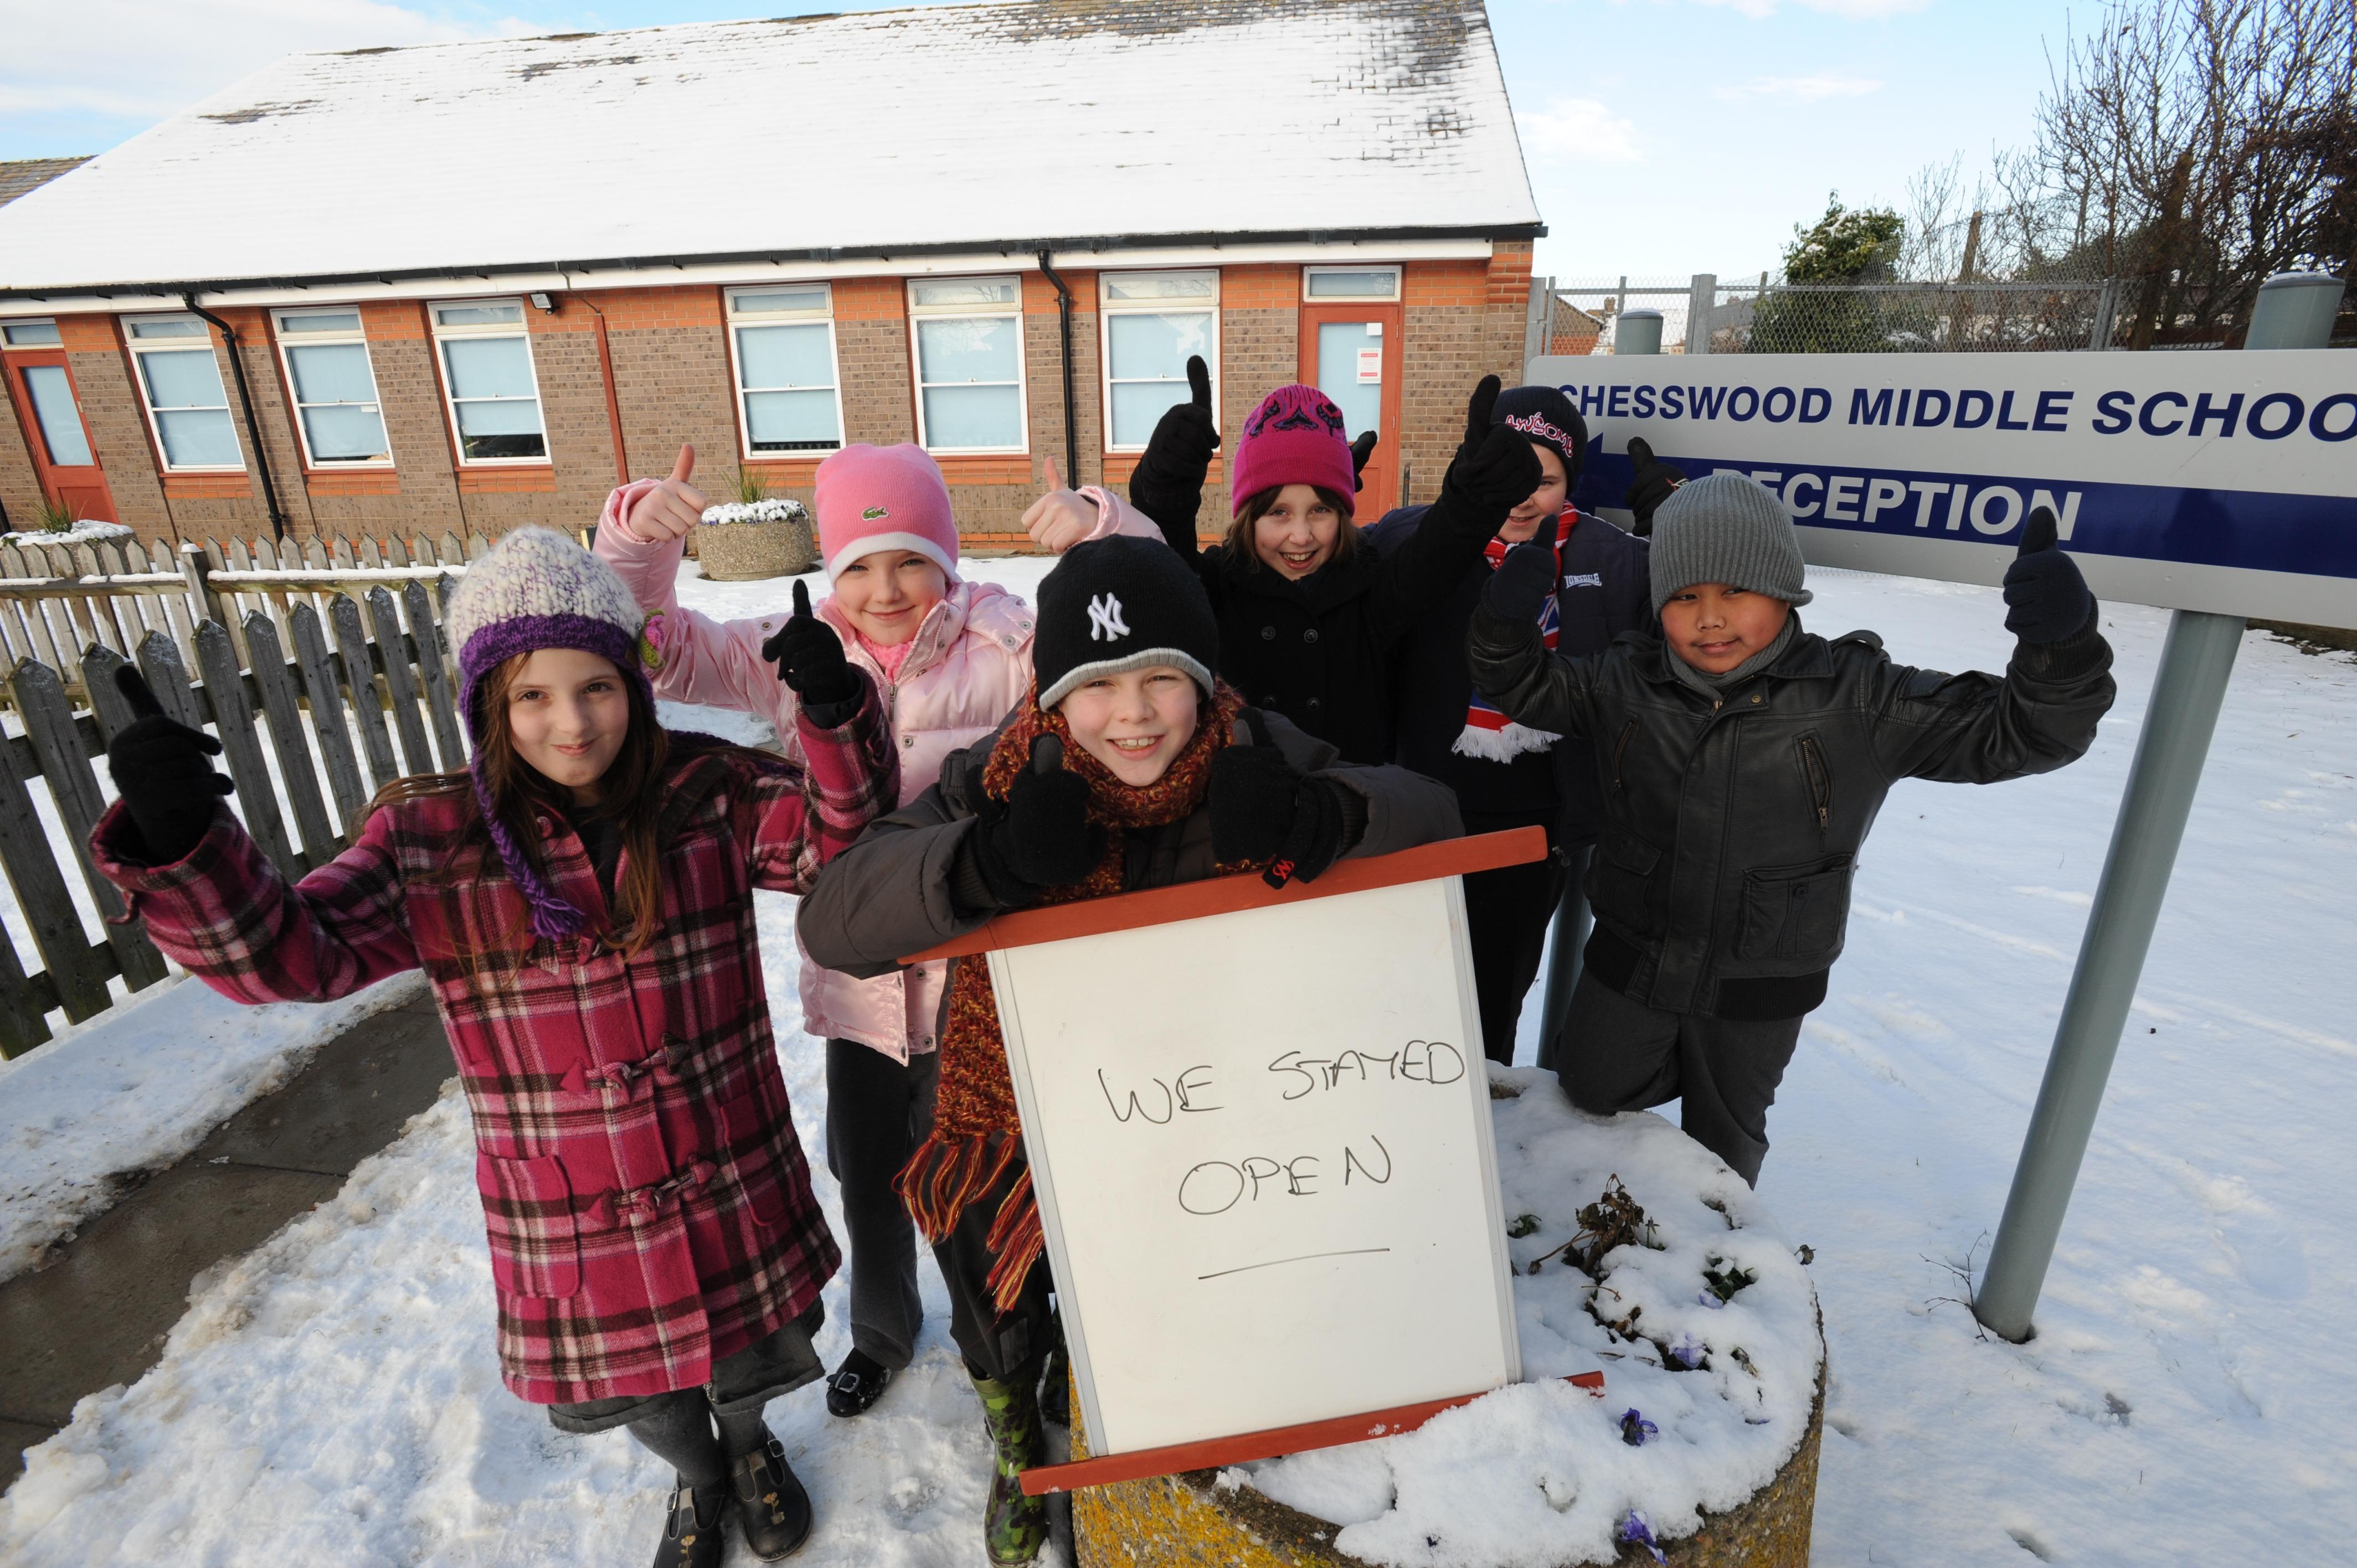 Chesswood School in Worthing stayed open during the snow, earning a thumbs up from pupils. Photo: Stephen Goodger
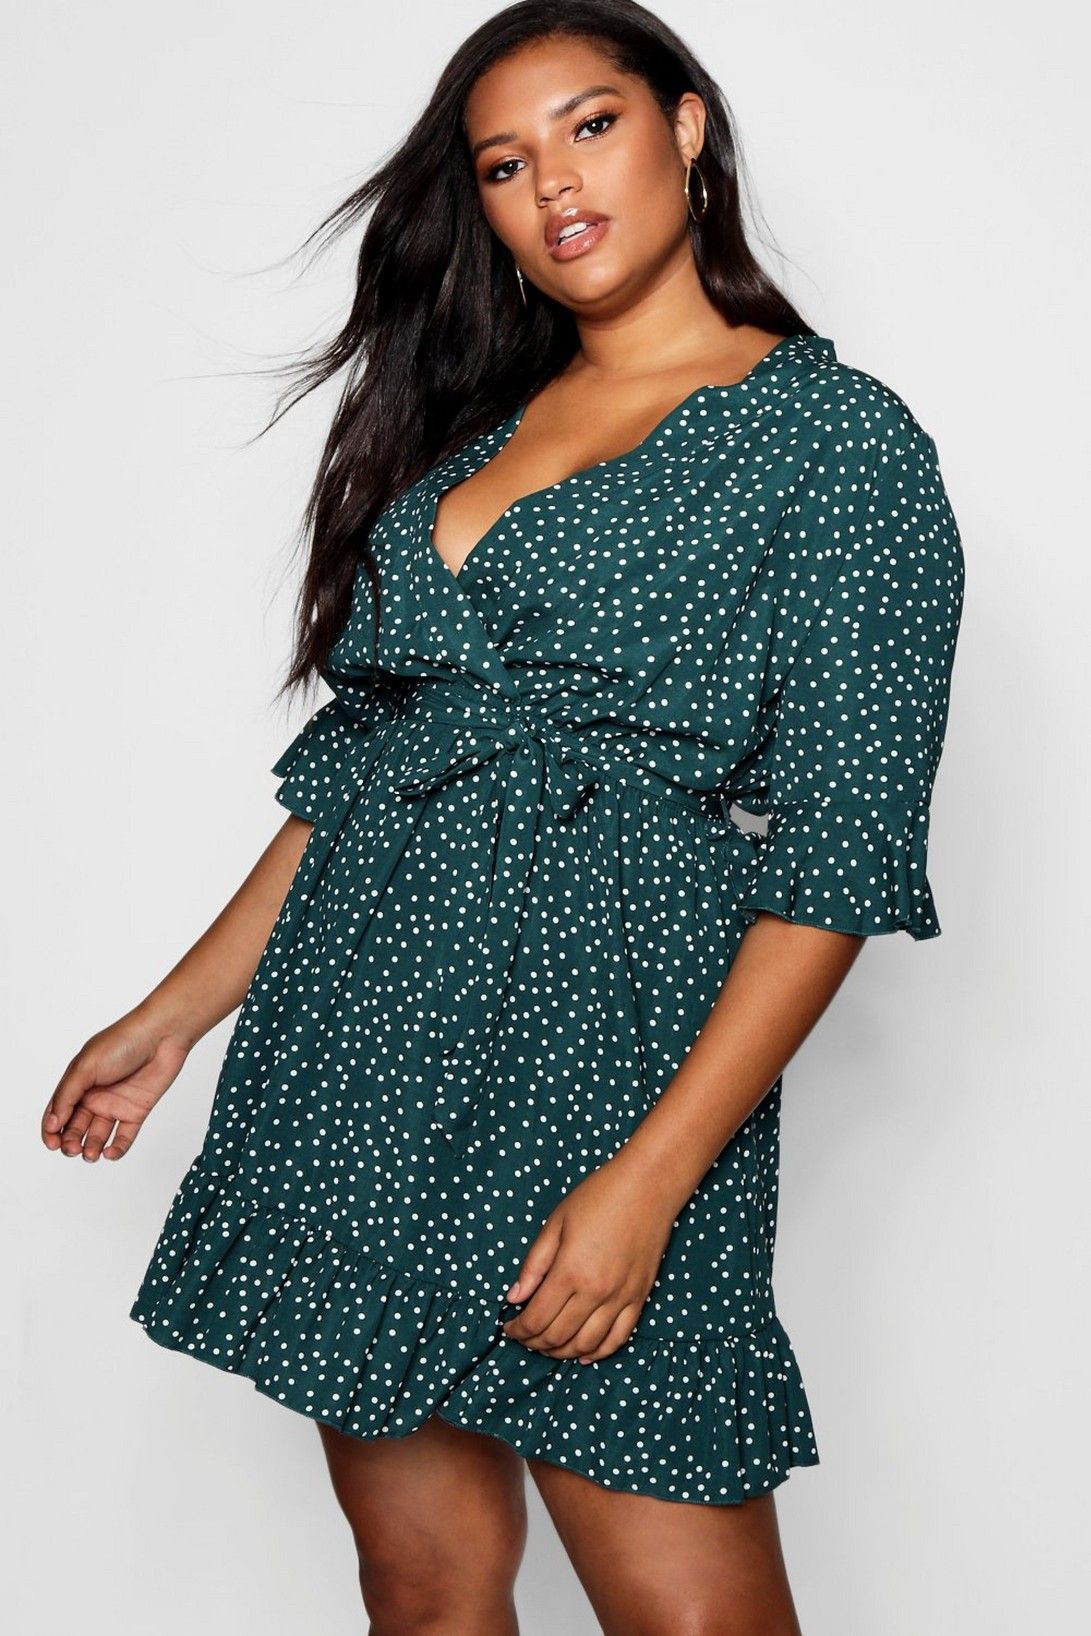 Trendy clothing ideas with wrap dress, polka dot, day dress, top | Plus  Size Date Outfit Ideas | Date Outfits, day dress, fashion model
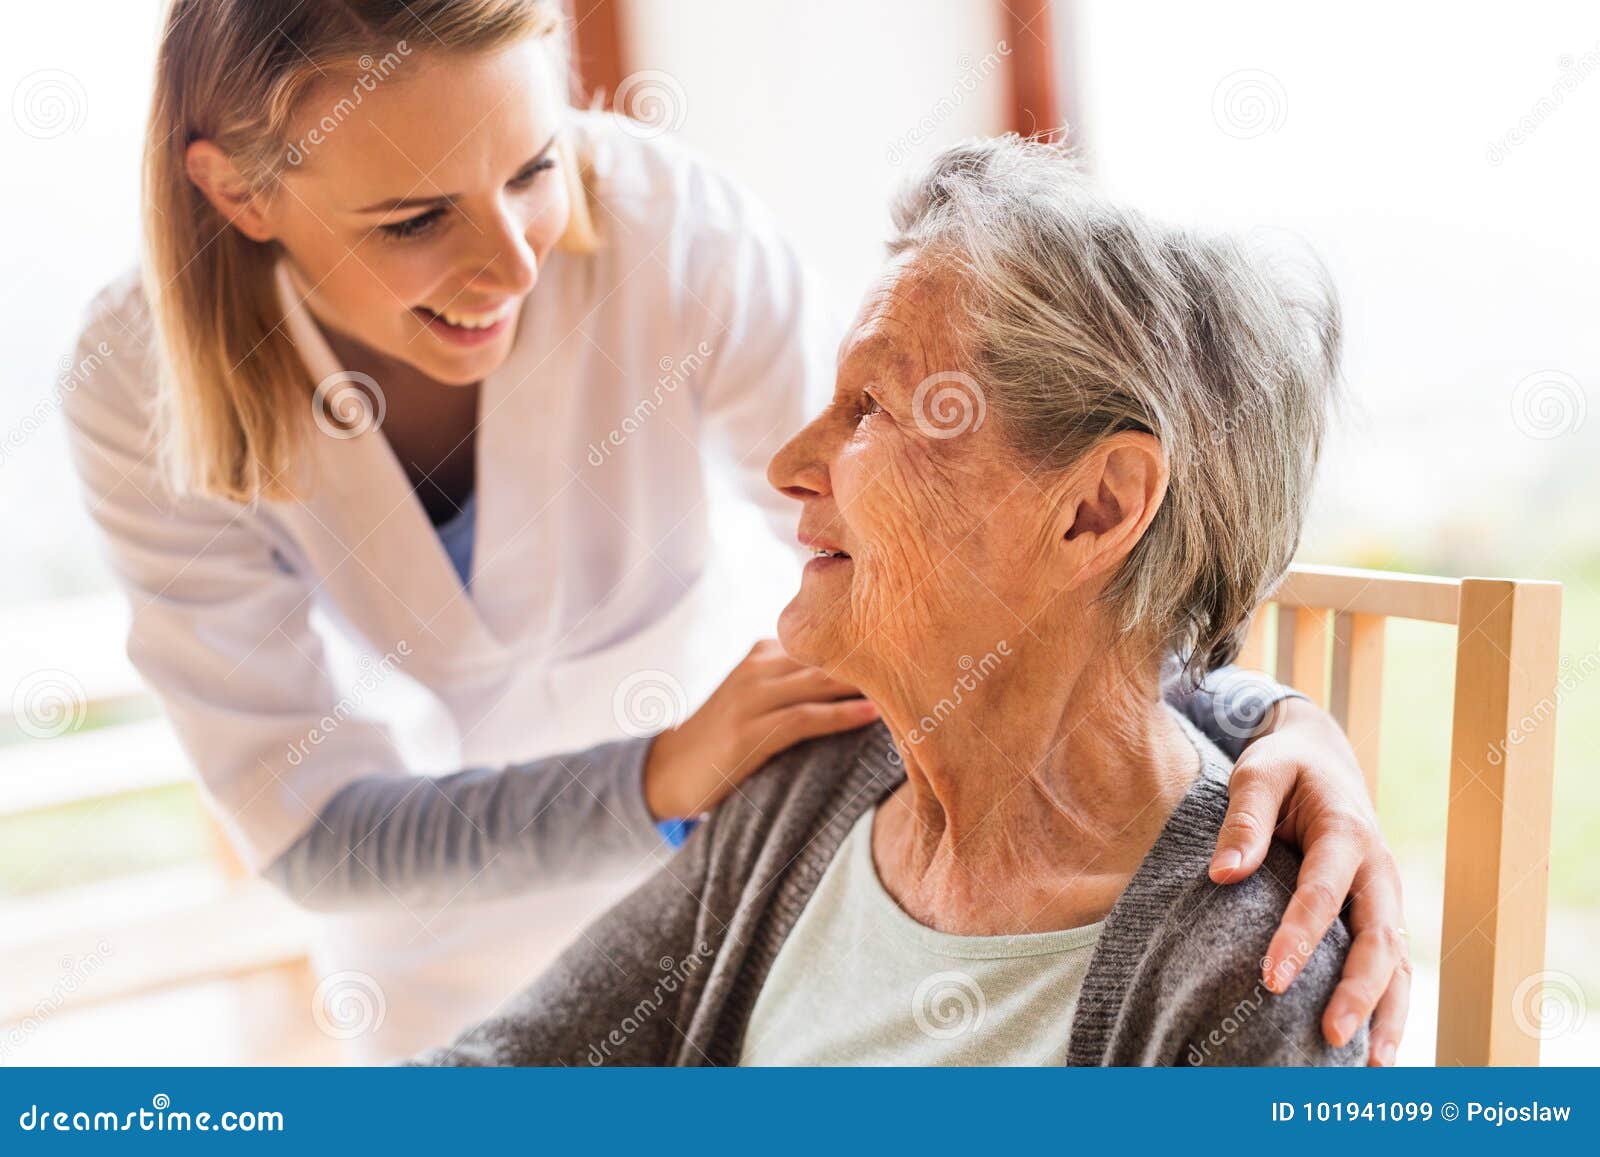 health visitor and a senior woman during home visit.

******************************

**Work to be completed**. Leave out the pictures and return the listing exactly.

**Solved exercise**.
 Chesswood School in Worthing stayed open during the snow, earning a thumbs up from pupils. Photo: Stephen Goodger
 Trendy clothing ideas with wrap dress, polka dot, day dress, top | Plus  Size Date Outfit Ideas | Date Outfits, day dress, fashion model
 health visitor and a senior woman during home visit.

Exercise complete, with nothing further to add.